I'm awful with clever tag lines  But wanted to ask - is Duke a Dogo Argentine? He looks like one


----------



## monkeys23 (Dec 8, 2010)

Ramblin' Girl would be a good one for her.


----------



## chowder (Sep 7, 2008)

Well, I love Rodeo's ears so I would put something about those ears on the tag line. Like "I'm All Ears!" or something. I love that second picture of her with the pack on and her ears standing straight up!

Duke is harder but sooooo cute! His would have to be something like "too cute for my own good"


----------



## Caty M (Aug 13, 2010)

Rodeo is GORGEOUS!!!! Is she all GSD or a mix? LOve her ears!! 

SOrry I don't have any suggestions but I just wanted to comment on her!


----------



## monkeys23 (Dec 8, 2010)

GSD/BC mix if I remember correctly.


----------



## Scarlett_O' (May 19, 2011)

GOD Im SOOOO inlove with both of them!!!:biggrin:

Im liking Ramblin' Girl for Rodie!



Caty M said:


> Rodeo is GORGEOUS!!!! Is she all GSD or a mix? LOve her ears!!
> 
> SOrry I don't have any suggestions but I just wanted to comment on her!


She was suppose to be full GSD, but we believe that she is GSD/BC!:wink:


----------



## Rodeo (Sep 11, 2011)

flippedstars said:


> I'm awful with clever tag lines  But wanted to ask - is Duke a Dogo Argentine?
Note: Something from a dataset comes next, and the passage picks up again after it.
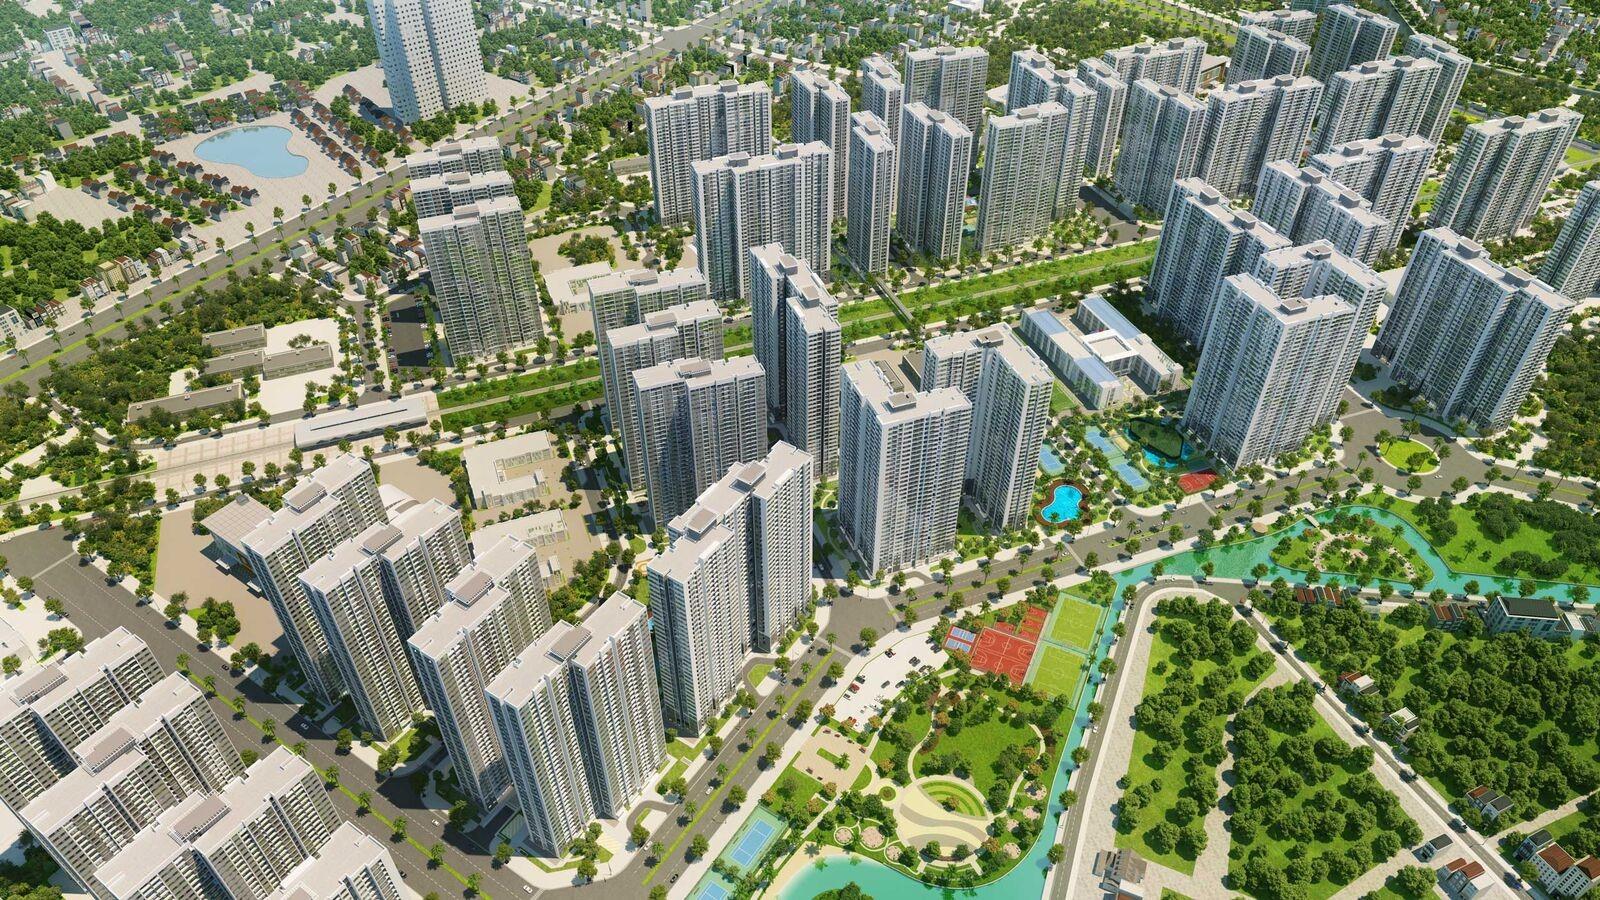 Vinhomes-smart-city-ung-dung-cong-nghe-giup-nguoi-viet-lan-dau-trai-nghiem-chuan-song-quoc-te-2
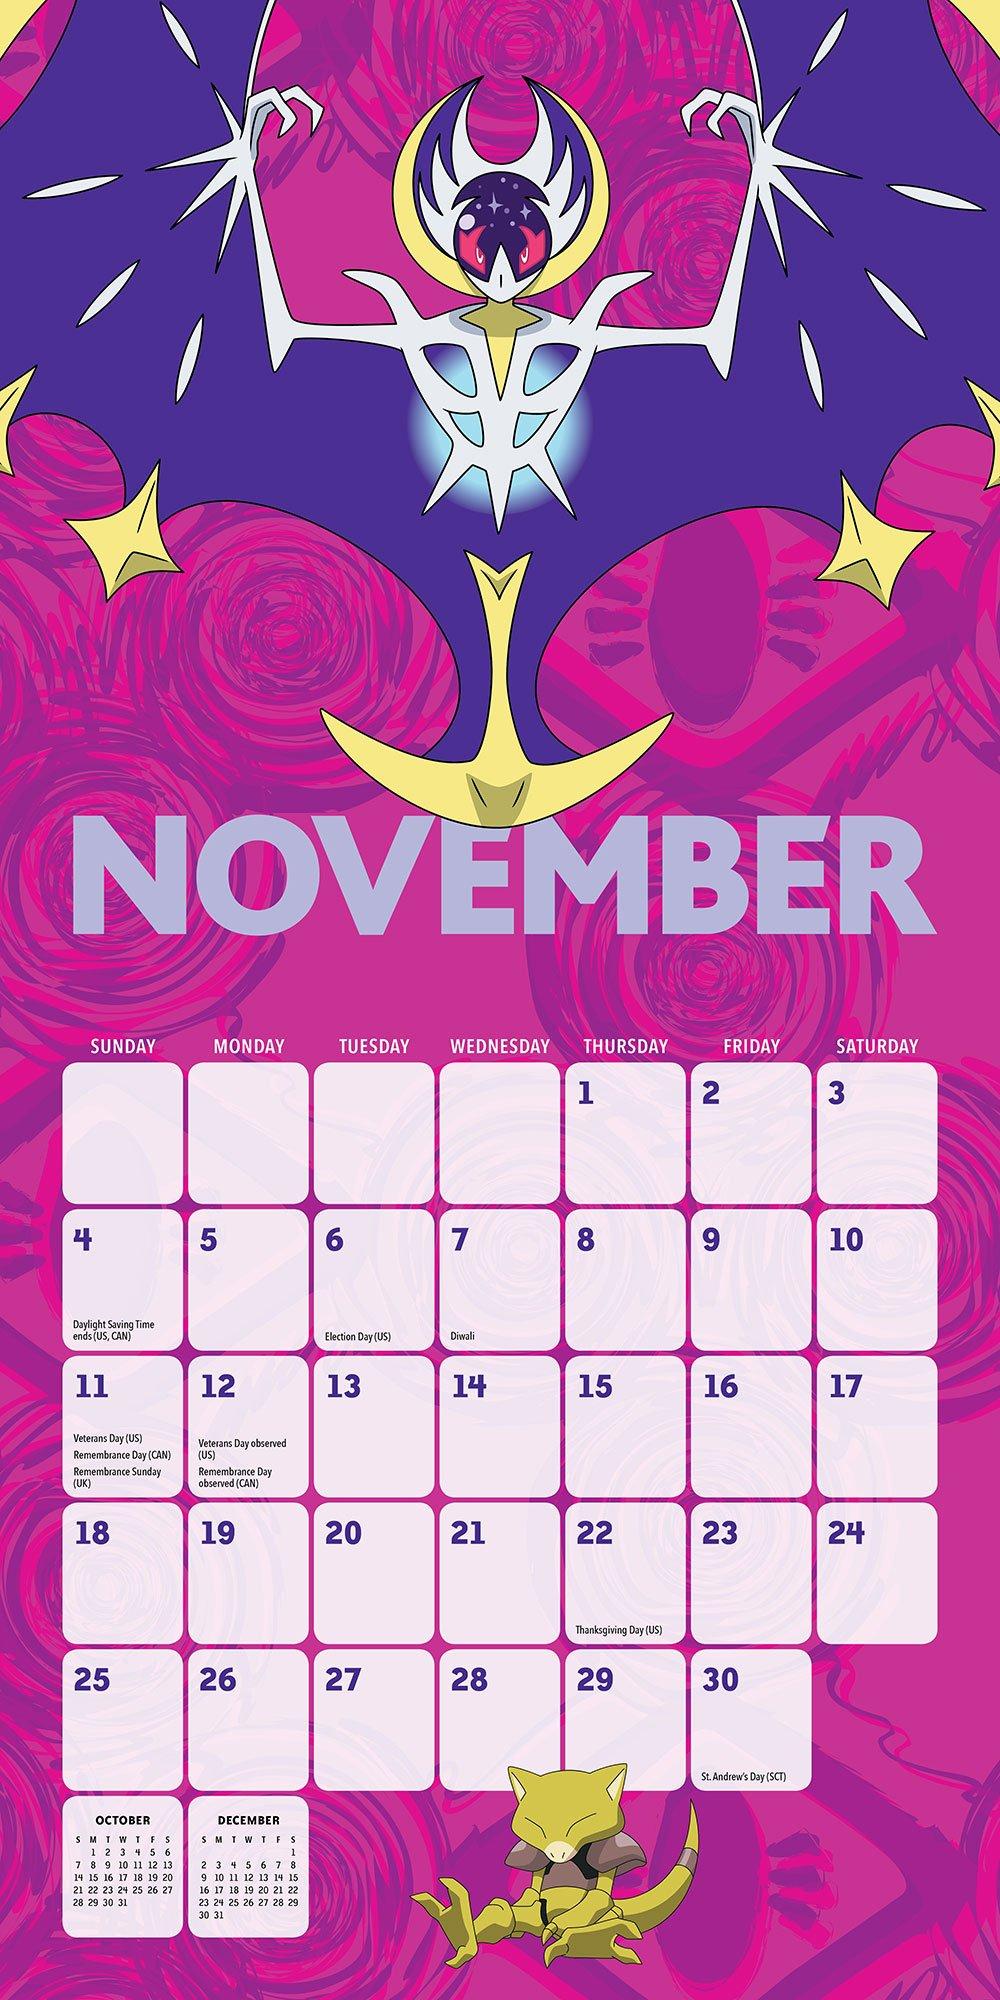 Pikachu December 2019 Calendar Pokemon Wall Calendar: Pokémon: 9781419728105: Amazon.com: Books

He looks like one


He does look like one but he's a pibble


----------



## Rodeo (Sep 11, 2011)

I LOVE Ramblin' Girl!!!! 

And yes, she is a GSD - BC mix best we can tell.


Duke is going to be harder to tag I think lol And boyfriend has pretty much Stolen Athena so I'll let him come up with a line for her lol


----------



## monkeys23 (Dec 8, 2010)

Its crazy how much you can see both in her!


----------



## Rodeo (Sep 11, 2011)

monkeys23 said:


> Its crazy how much you can see both in her!


I know! And she has a lot of personality traits of both, she is the perfect mix. I truly wish there was a "Rodeo" breed hehehe. I've seen a lot of GSD BC crosses but she by far got the best of both ends.


----------



## Scarlett_O' (May 19, 2011)

monkeys23 said:


> Its crazy how much you can see both in her!


Isnt it though???:biggrin:

We have a friend who has(or had) a little GSD who looked a TON like Rodie...and then she also looks a TON like Rhett in the front end and Leo in the rear end....so its QUITE the awesome mixture!!!LOL


----------